Writing to Self
I vividly remember the first diary I ever read many years ago. Anne Frank and her teenage world of secret hiding. The Diary of a Young Girl. She addressed her diary as “Kitty” like a friend. Her relationship with her diary comforts her all along during her insecure, lonesome and terrified time in hiding. She speaks to “Kitty”, expresses herself, pouring in whatever she had within.
Her last entry in the diary reads—“ I get cross, then sad, and finally end up turning my heart inside out, the bad part on the outside and the good part on the inside, and keep trying to find a way to become what I’d like to be and what I could be if ..... if only there were no other people in the world”.
Just three days later after writing this passage, Nazis arrested Anne and her family, and deported them to unknown concentration camps.
The last entry in “Kitty” unravels Anne’s tussle with her identity and her evolving sense of self, grappling hard to figure out her role within the hiding, and positioning herself in the agony prevailing in and out.

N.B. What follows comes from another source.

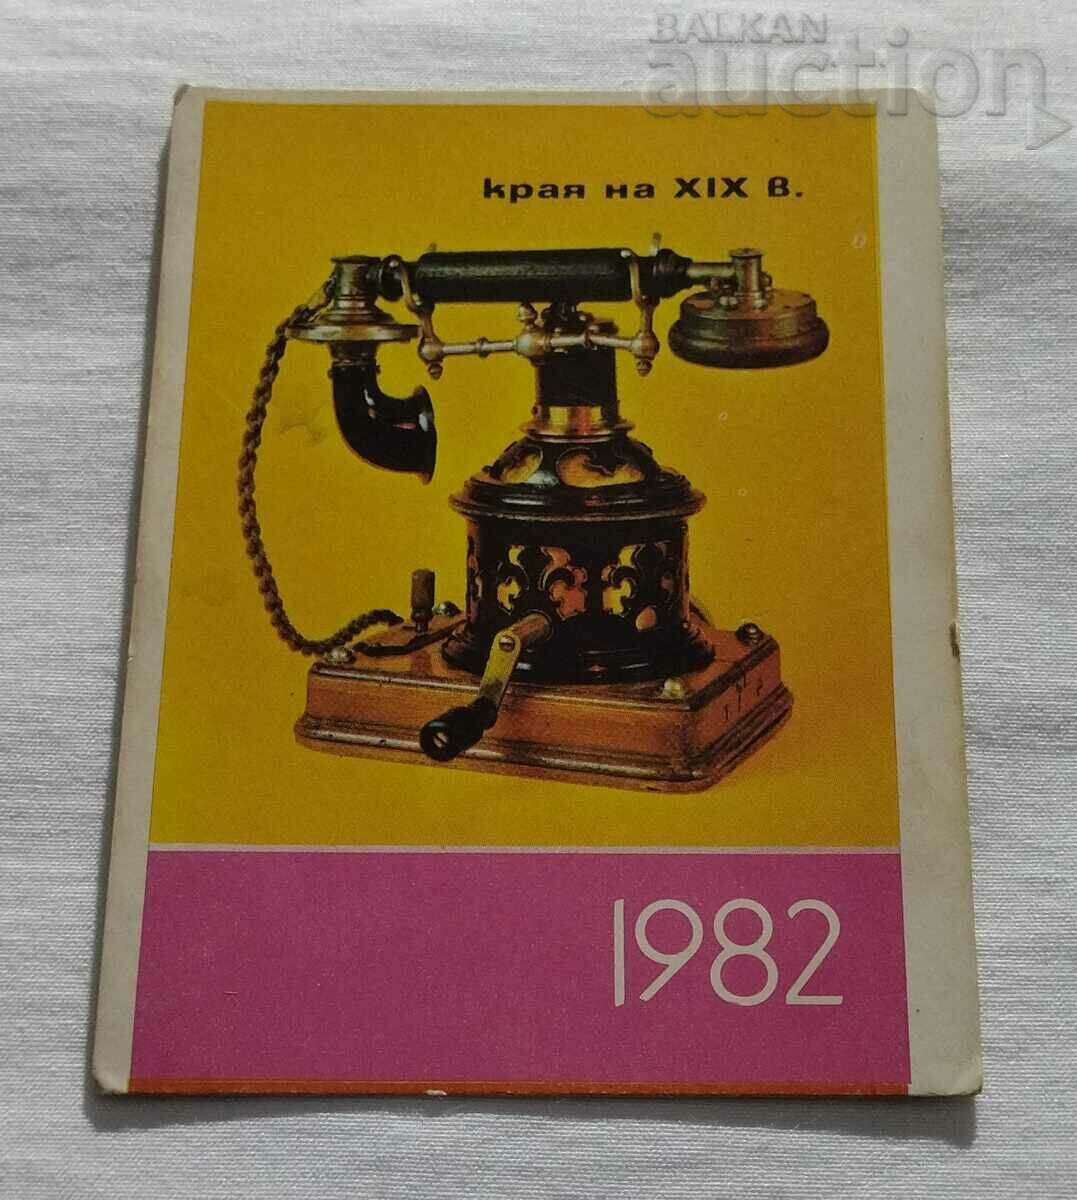 TELEPHONE MODEL END OF THE XIX CENTURY. CALENDAR 1982
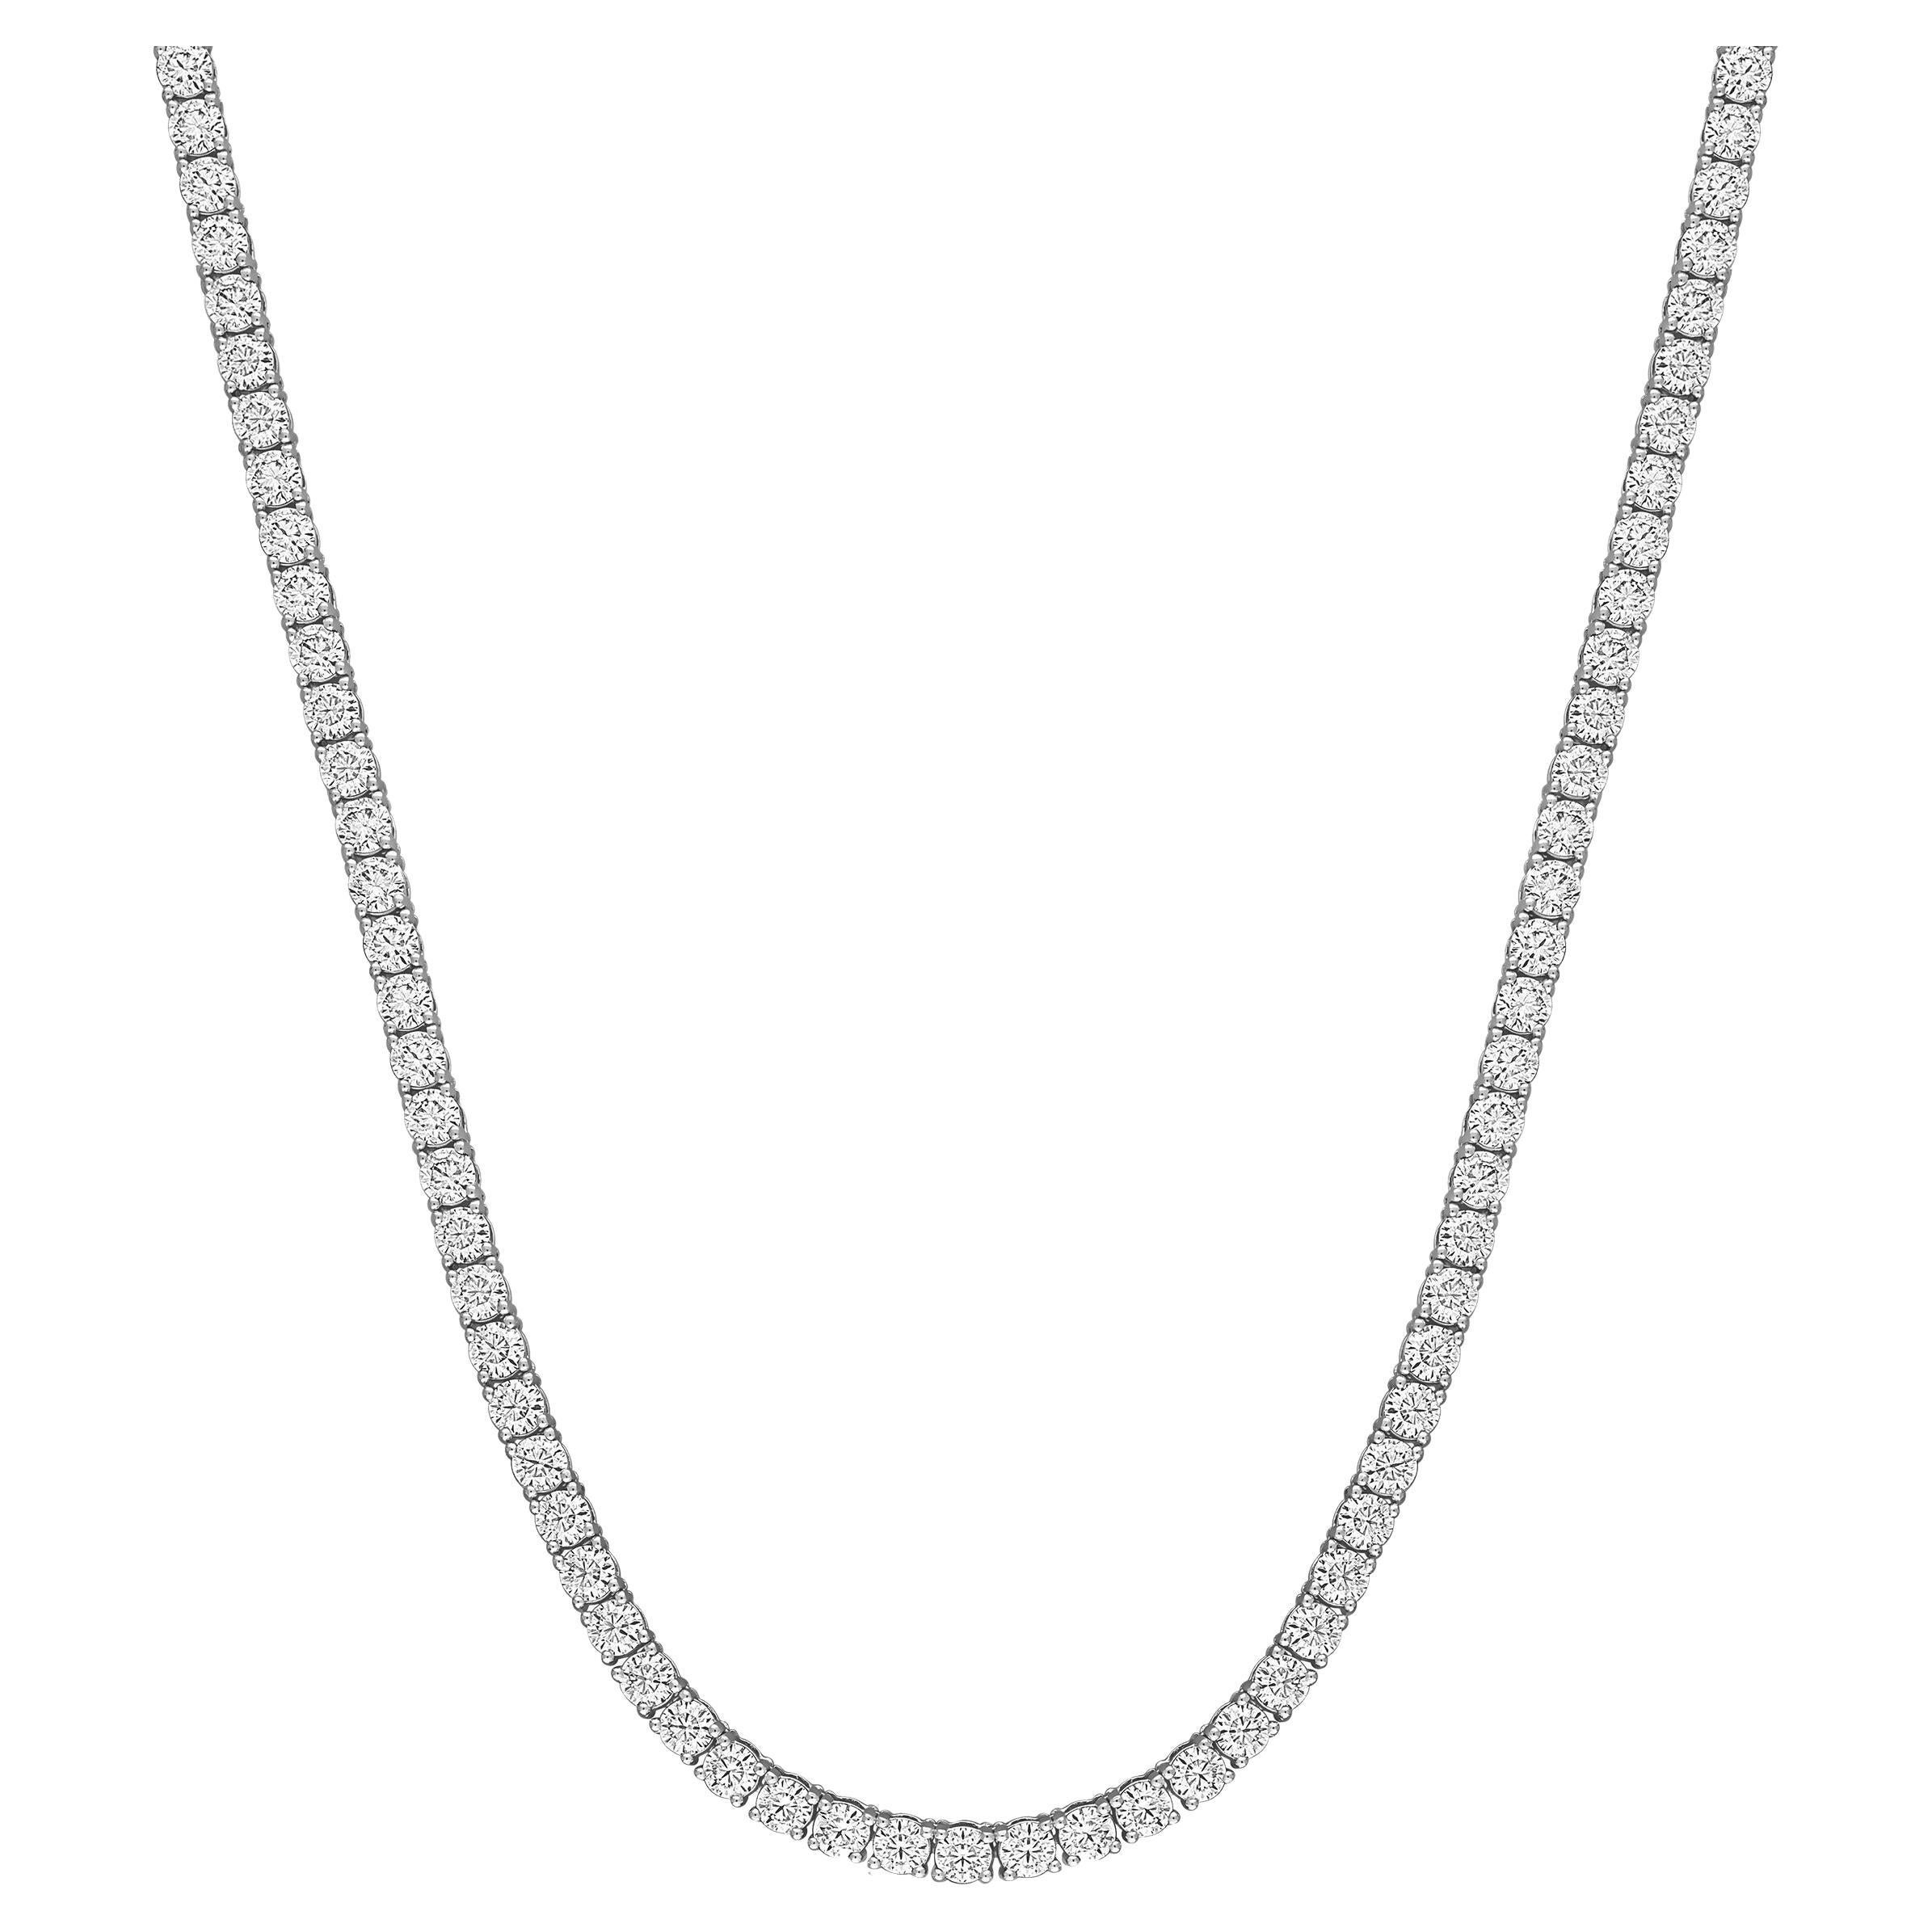 20.10 Carat Diamond Tennis Necklace in 14K White Gold

It also hints at the harsh realization of vicious people in her world, whom she eventually wishes to shed off forever. She desires for permanent riddance of her ugly past.
Contrarily, Franz Kafka’s Diaries are full of his personal dejection and alienation towards a social system surrounding him. He wrote about his dreams and dilemmas. Feelings and frailties. Secluded, he engrossed himself in writing the diaries that covered the period 1910-1923, and left a rich literature behind that gained him huge acclaim in the literary world. He died at an early age of forty in 1924, after which his diaries were published.
One of the entries in Kafka’s Diaries smacks of his blatantly edgy state of mind—“Incapable of living with people, of speaking. Complete immersion in myself, thinking of myself. Apathetic, witless, fearful. I have nothing to say to anyone—never”. Interestingly, his diaries spoke profusely to the whole world while addressing the concerns that remain at the heart of any ordinary living.
There are many famous writers and individuals whose diaries (also called ‘journals’ in English parlance) have provided insights into the minds of thinking and troubled minds. And formed the finest literature.
Mark Twain is said to have maintained over 40-50 pocket notebooks (diaries) over four decades of his life. Whenever Twain set on a voyage, he would start writing a new diary, noting his thoughts on varied subjects of observation he used to come across.
Ernest Hemingway is known as the most devoted diarist. He wrote- “I belong to this notebook and this pencil”. He used to frequent the cafes of Paris and jot down his story ideas there.
An essayist genius like Emerson has been an incredibly prolific keeper of diaries. He kept 263 notebooks on a plethora of subjects and for a range of purposes. Four of it were specifically for recording the titles of books he used to read, and about 30 pocket-size diaries had been maintained by him for writing down daily happenings, from weather moods to small interactions.
Briefly, there are inspiring examples of diarists who were continuously in a process of self-analysis while being a participant in an external world of mundane happenings. Intriguingly, there have been instances of prison diaries where the outer world being totally shut, minds but could not be incarcerated in captivity. The awakening to the self and its goings-on, could not stop.
There is a need to sensitize the young generation towards journal writing. It can emerge as a sort of documentation to come out as a substantial record of happenings, voices and perspectives around them.
Reaching out to people, talking to them, accumulating experiences and observations—all this requires lasting motivation and a sense of purpose. It is something very different from effortless social media screaming, shitting and scathing. For it needs profound thought and sensibility.
Of course, all that which people observe, think and write down is not always worth public disclosure! Certain things are fit for personal consumption or drawing room discussions/analyses or cyber-stimulated petite discourses, and they in no way are worth to be branded as ‘works of creativity’.
Creative combat is the challenge for the times to come. Confronting people on an intellectual plane can happen only when we learn and groom the culture of honest observation, and its importance of recording and presenting. Alas! where midget mentions matter and make people insecure and jittery, the claims of ‘creative crusade’ or ‘intellectual exotica’ fall like a slick and swindling story.